Data provided:
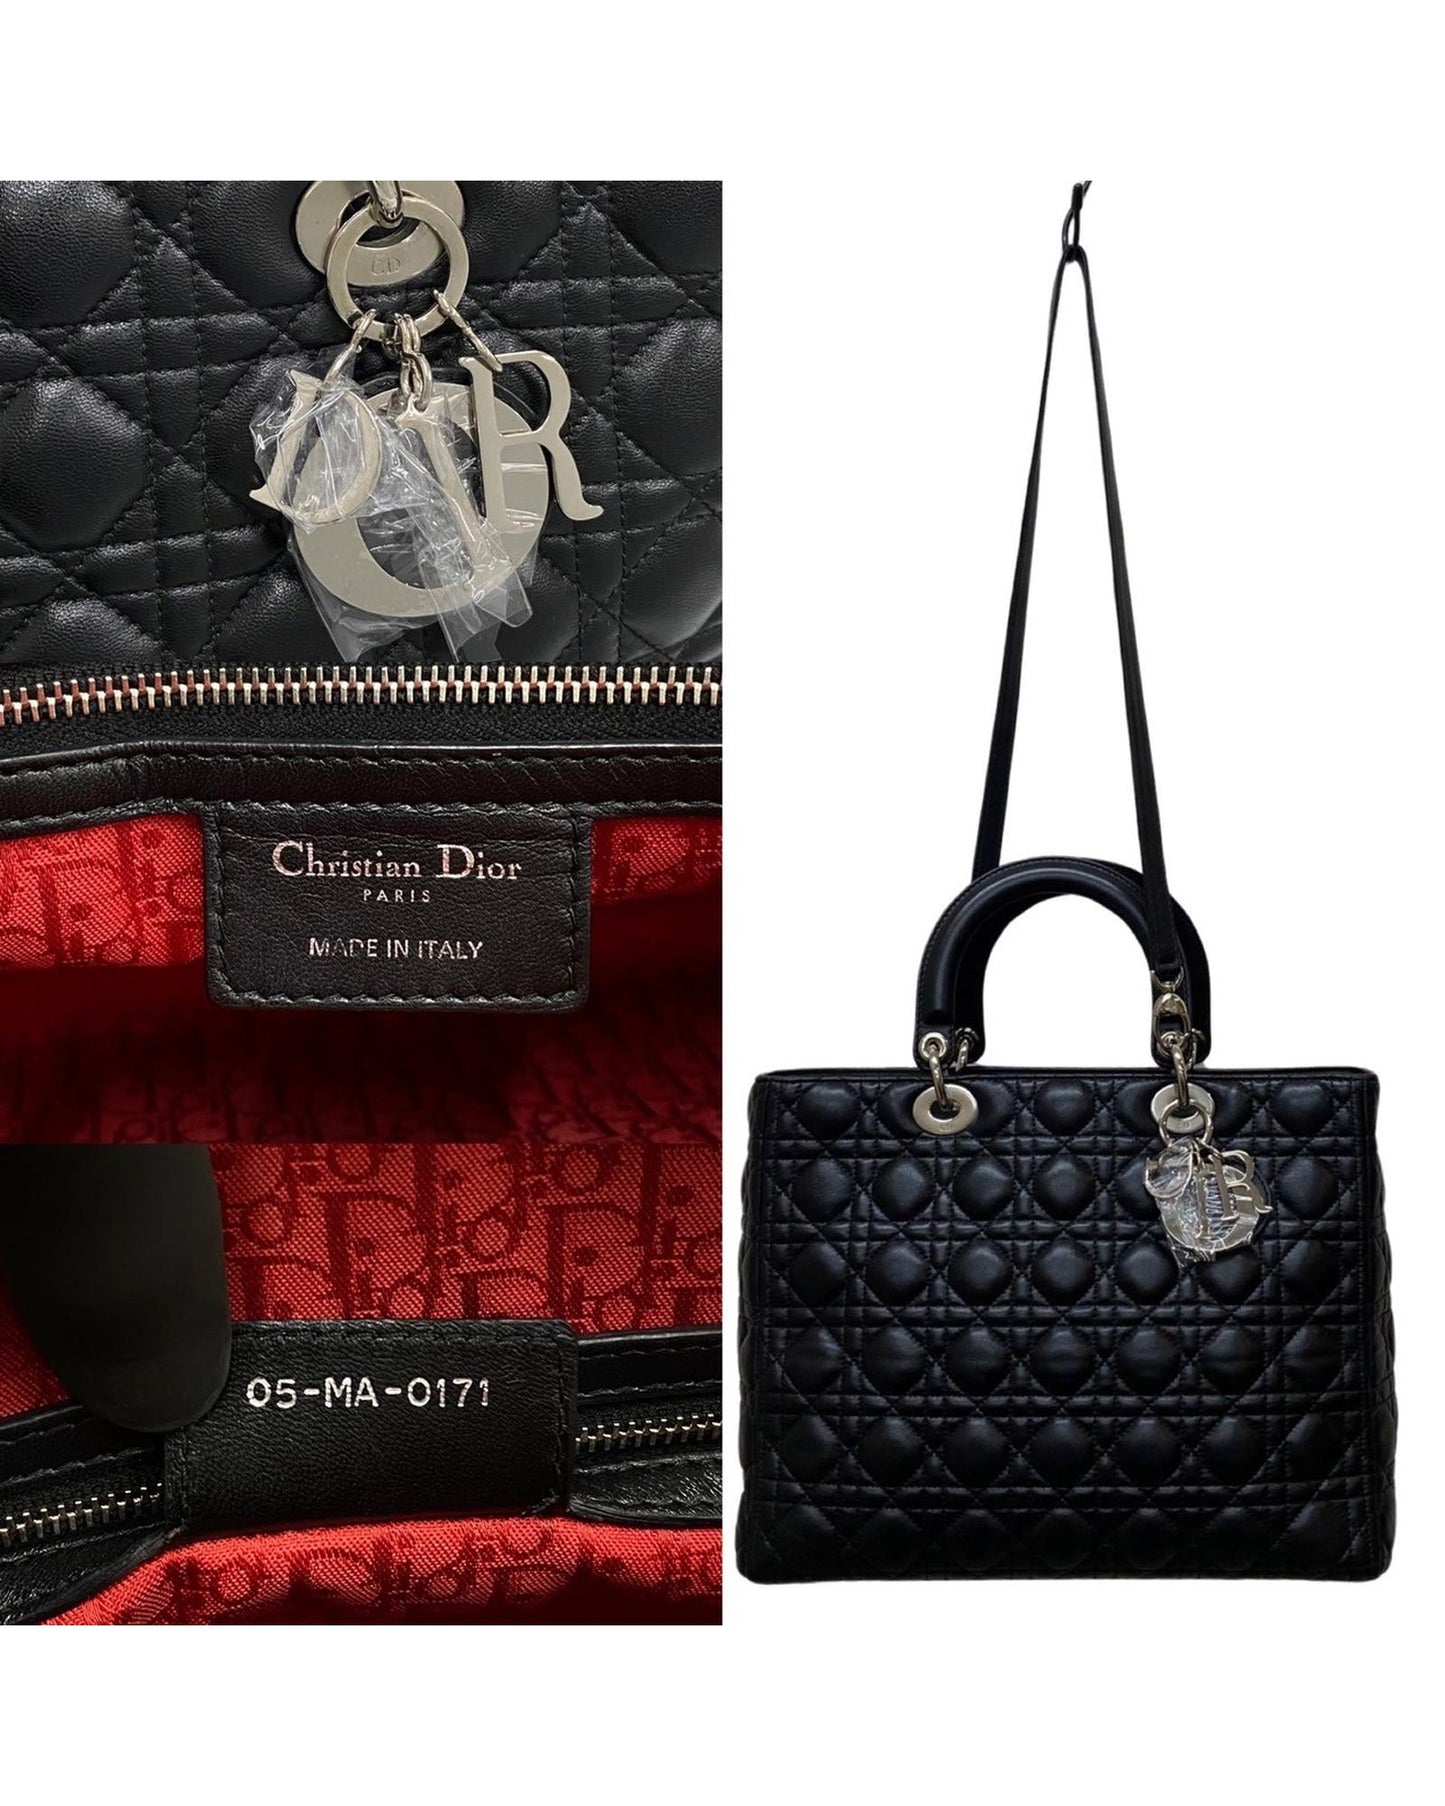 Dior Women's Large Cannage Leather Lady Dior Bag in Excellent Condition in Black
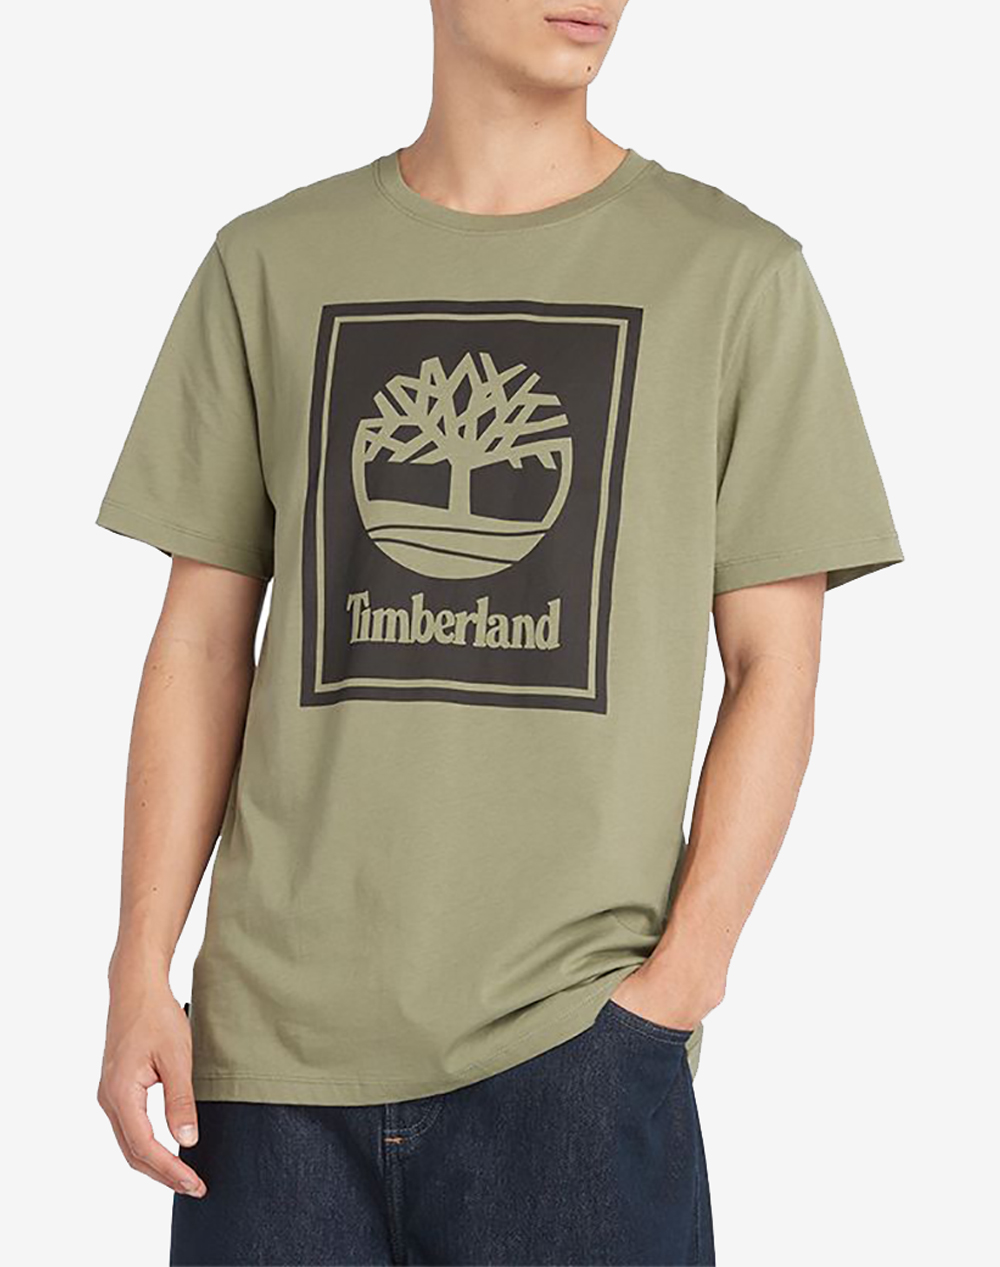 TIMBERLAND STLG Short Sleeve Tee TB0A5WQQ-CN8 Olive
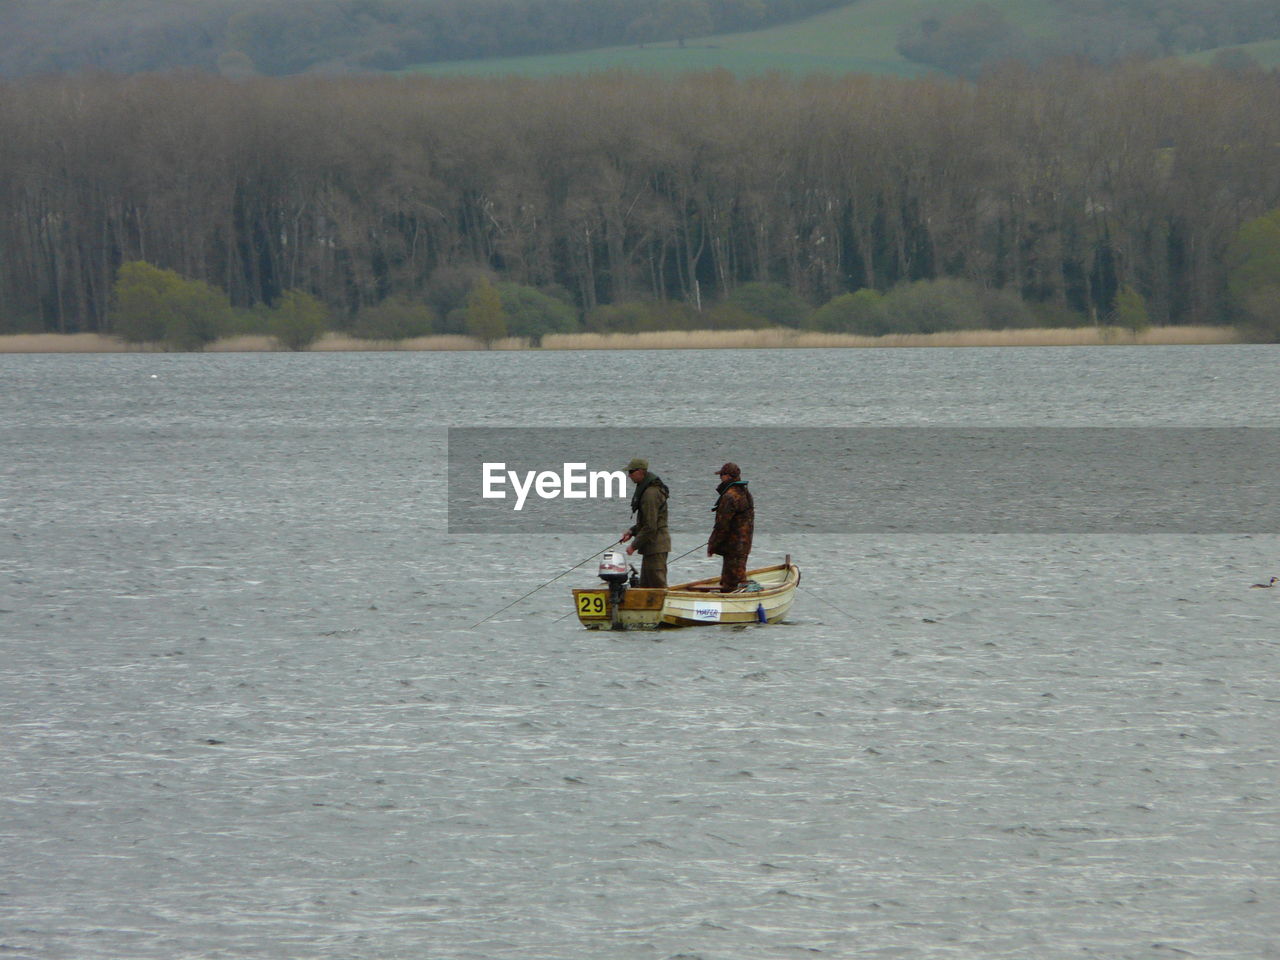 People fishing while standing on boat in lake
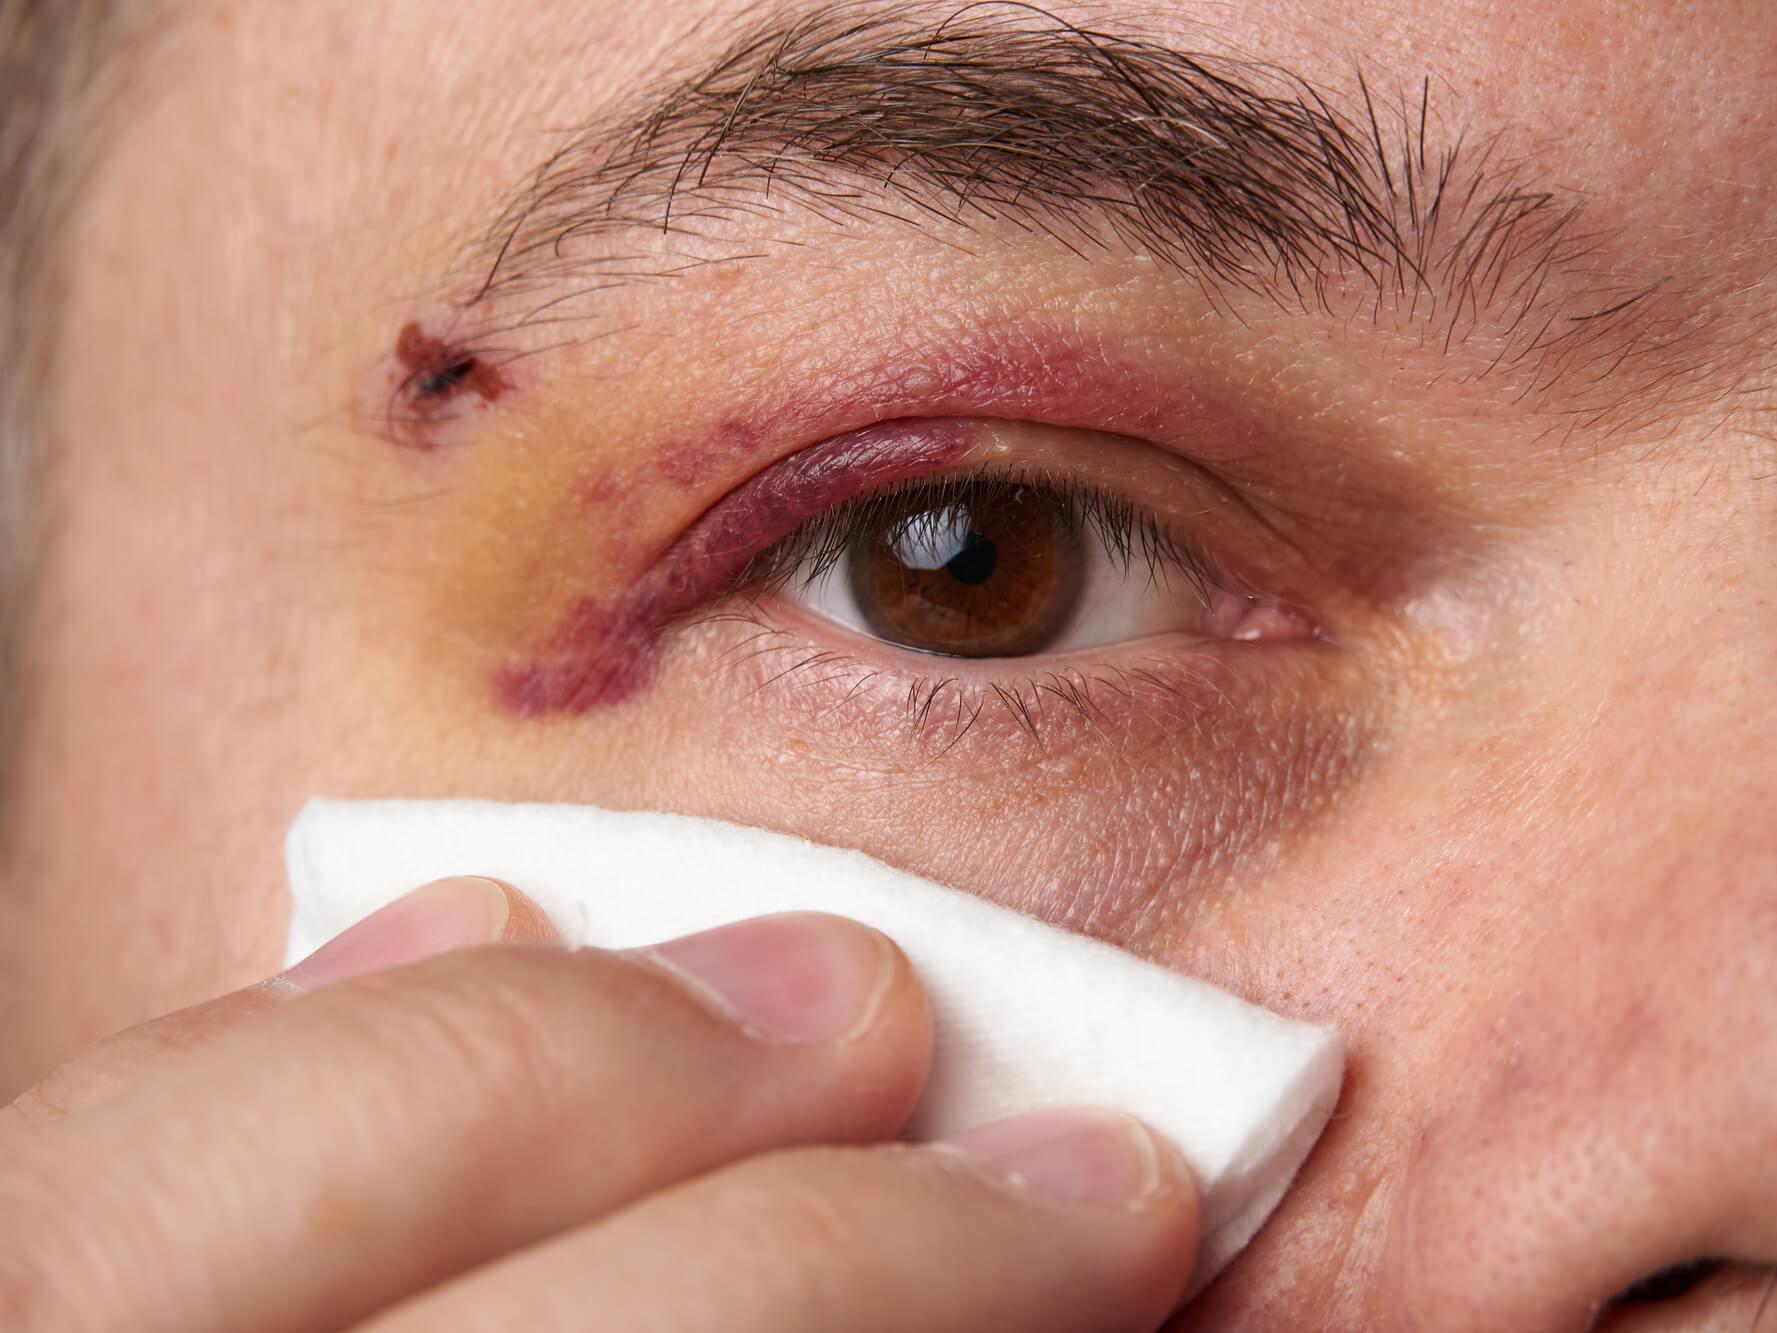 Applying a cold compress to the eye area shortly after an injury can reduce swelling and soothe pain.

What is required: Write out, exactly and with no pictures, the lines of the data from the first through the line containing "People fishing while".

Written response:
 Dior Women's Large Cannage Leather Lady Dior Bag in Excellent Condition in Black
 TIMBERLAND STLG Short Sleeve Tee TB0A5WQQ-CN8 Olive
 People fishing while standing on boat in lake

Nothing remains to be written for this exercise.